Many of the children in China wear trousers with an open slit in them, traditionally so that they could relieve themselves while their parents worked in the fields. Unfortunately, this isn't such an ingenious solution in a busy city such as Beijing where children suddenly stop to shit on a busy pavement, but it seems to be generally accepted. On the train to X'ian, Nina walked into another carriage to find a father supporting his child on the sink while it shitted into the waste bin on the floor.

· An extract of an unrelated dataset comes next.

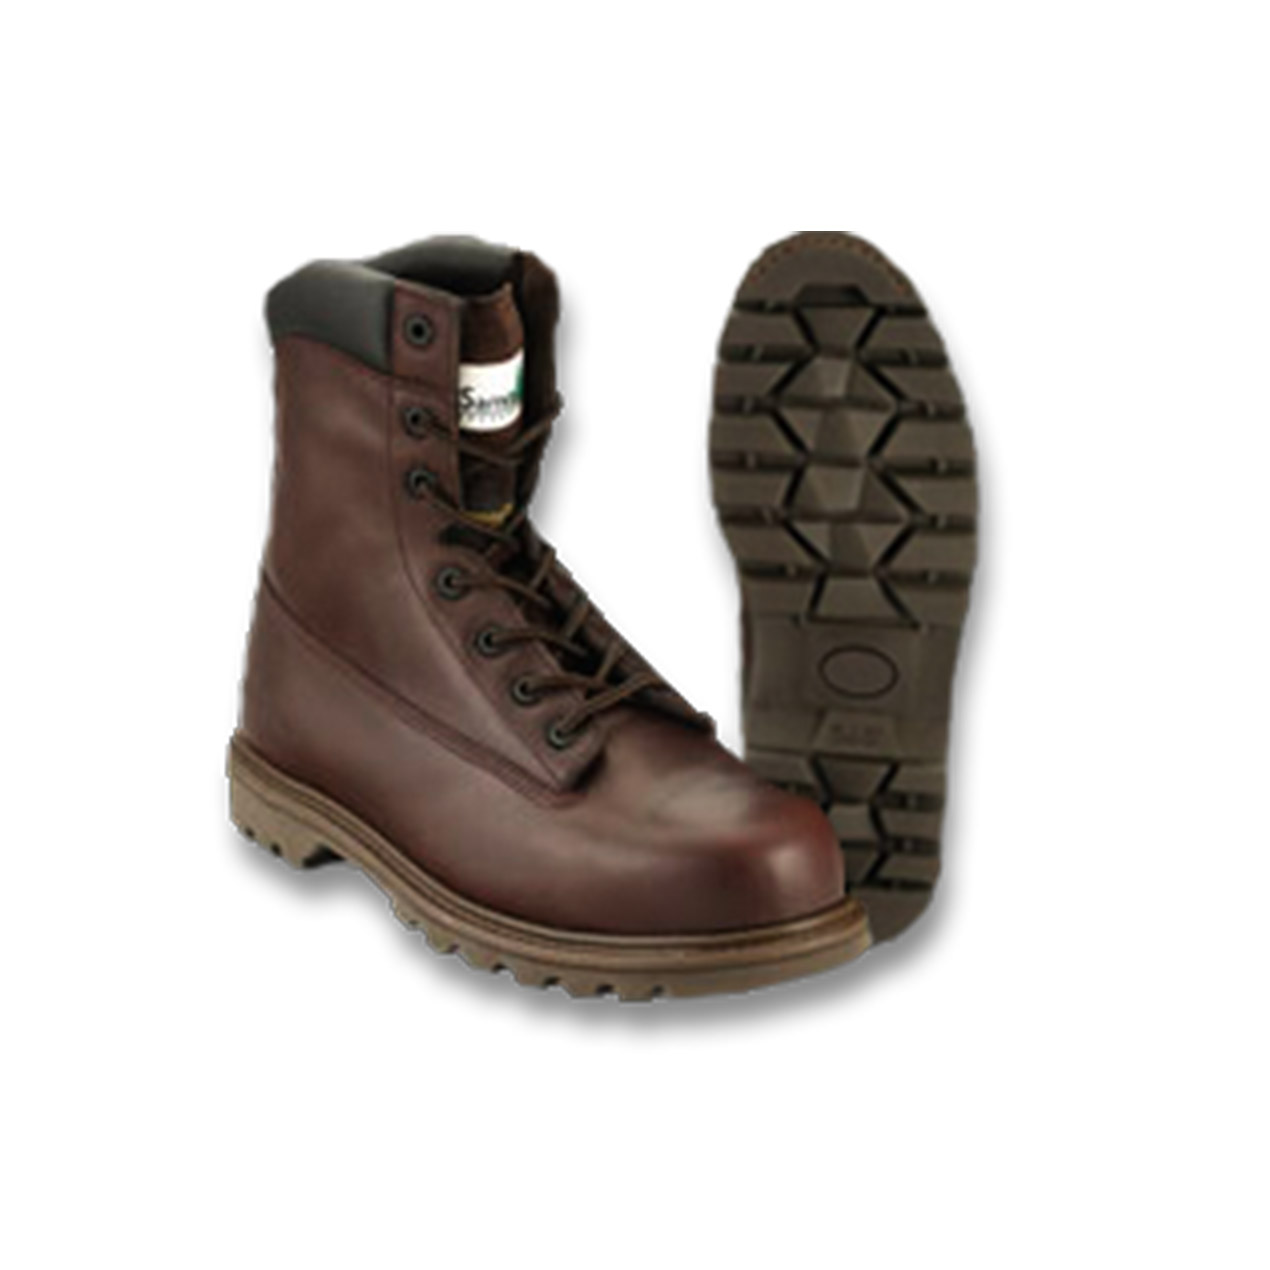 Samco - #B19 ASTM Composite Safety Toe Boot #1219C
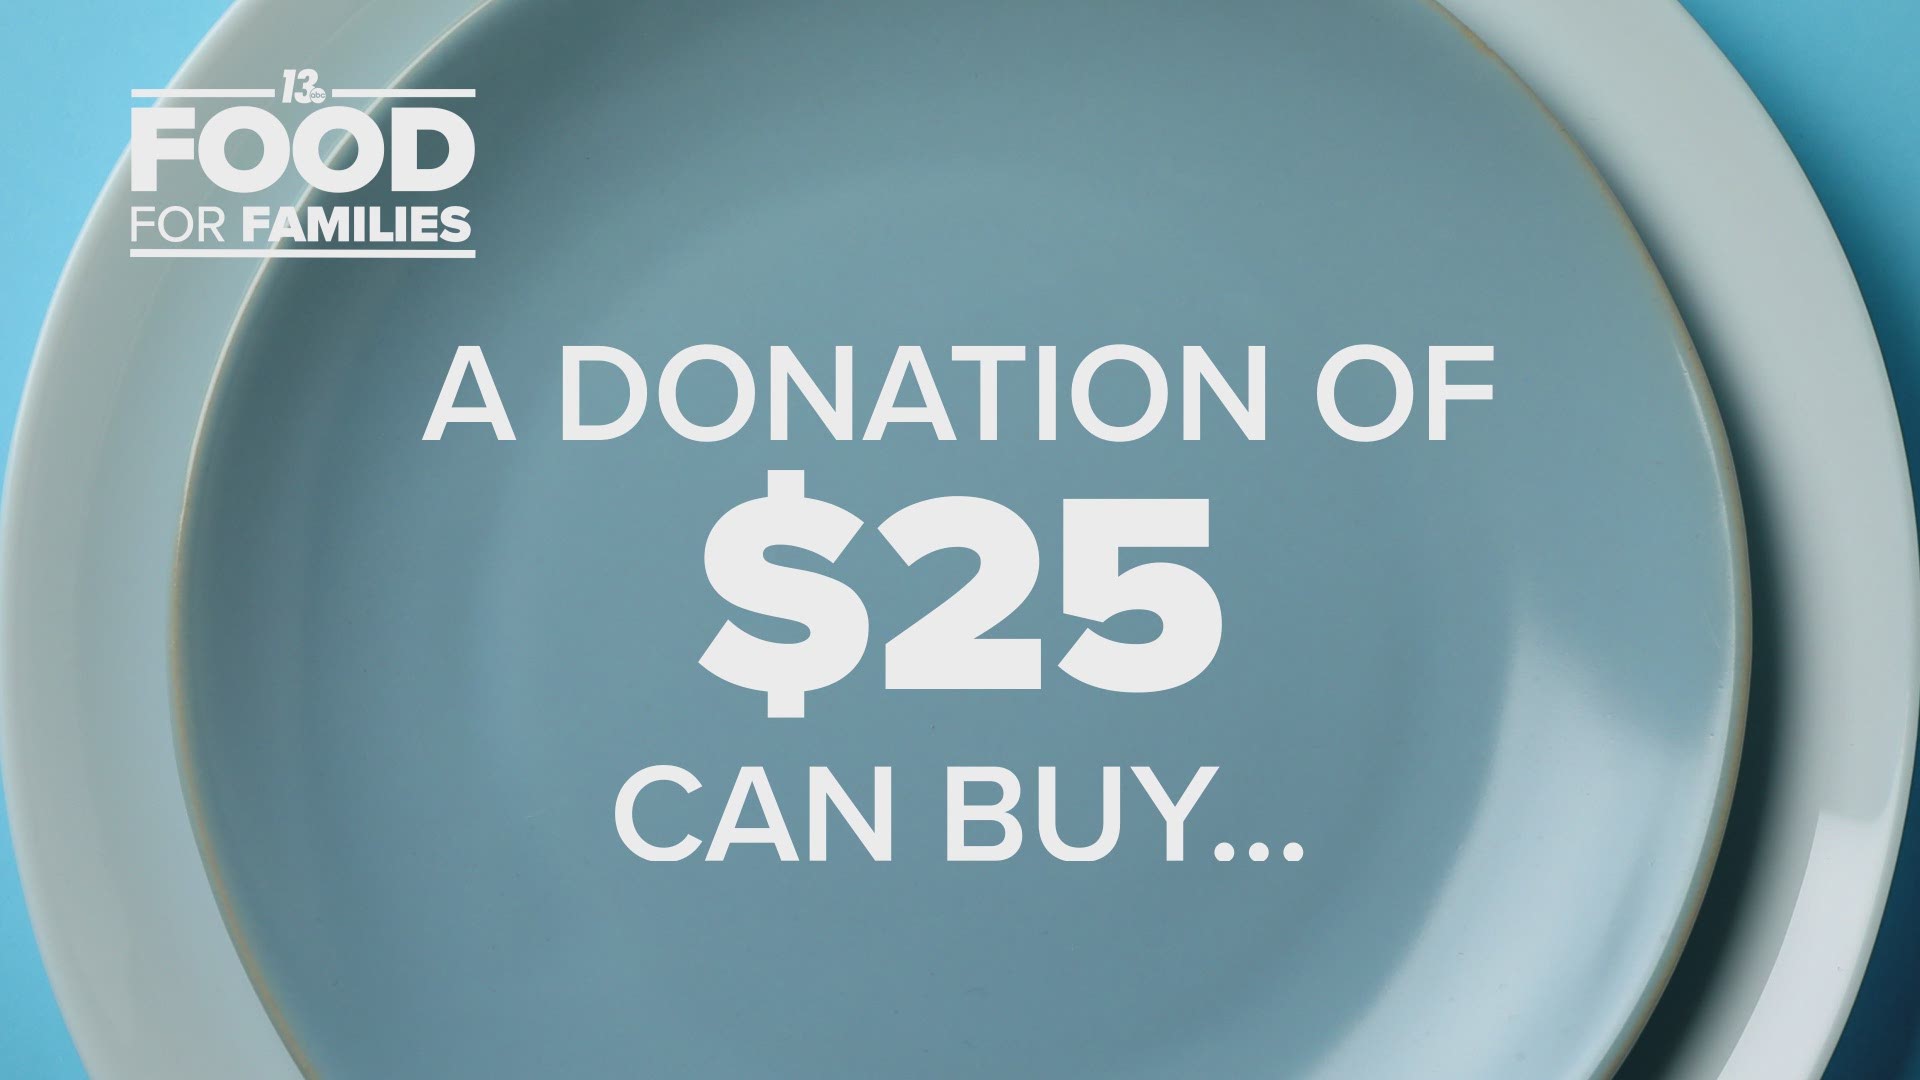 Here's what your donation to 13 Food For Families will provide.

We were lucky enough to be staying in a hotel called Redhouse with satellite tv (as well as the gas) in Beijing, and watched the US/UK strikes against Afghanistan on BBC World. Militant groups in Indonesia had been searching hotels for Americans, and British nationals were being advised to leave the country. With the hostility that we had experienced while we had been in Indonesia, I could imagine it and I was glad that we weren't still there. Seeing that many Islamic countries had started to demonstrate, and we were about to travel to a predominately Islamic area of China, we thought it a good idea to contact the British embassy in Beijing to find out if the travel advisories for British citizens in China had changed since the attacks. Unfortunately, however, they only seem to be employing Chinese to answer the embassy phones, and their grasp of English is not too good. I asked about travel in China since the attacks, but they replied, "Tax?", and put me through to an answering machine that I could leave a tax question on. I tried again, and this time they put me through to recorded information on how to get a visa to visit Britain. Finally, I gave up, thankful that I didn't need their help for something like a lost passport.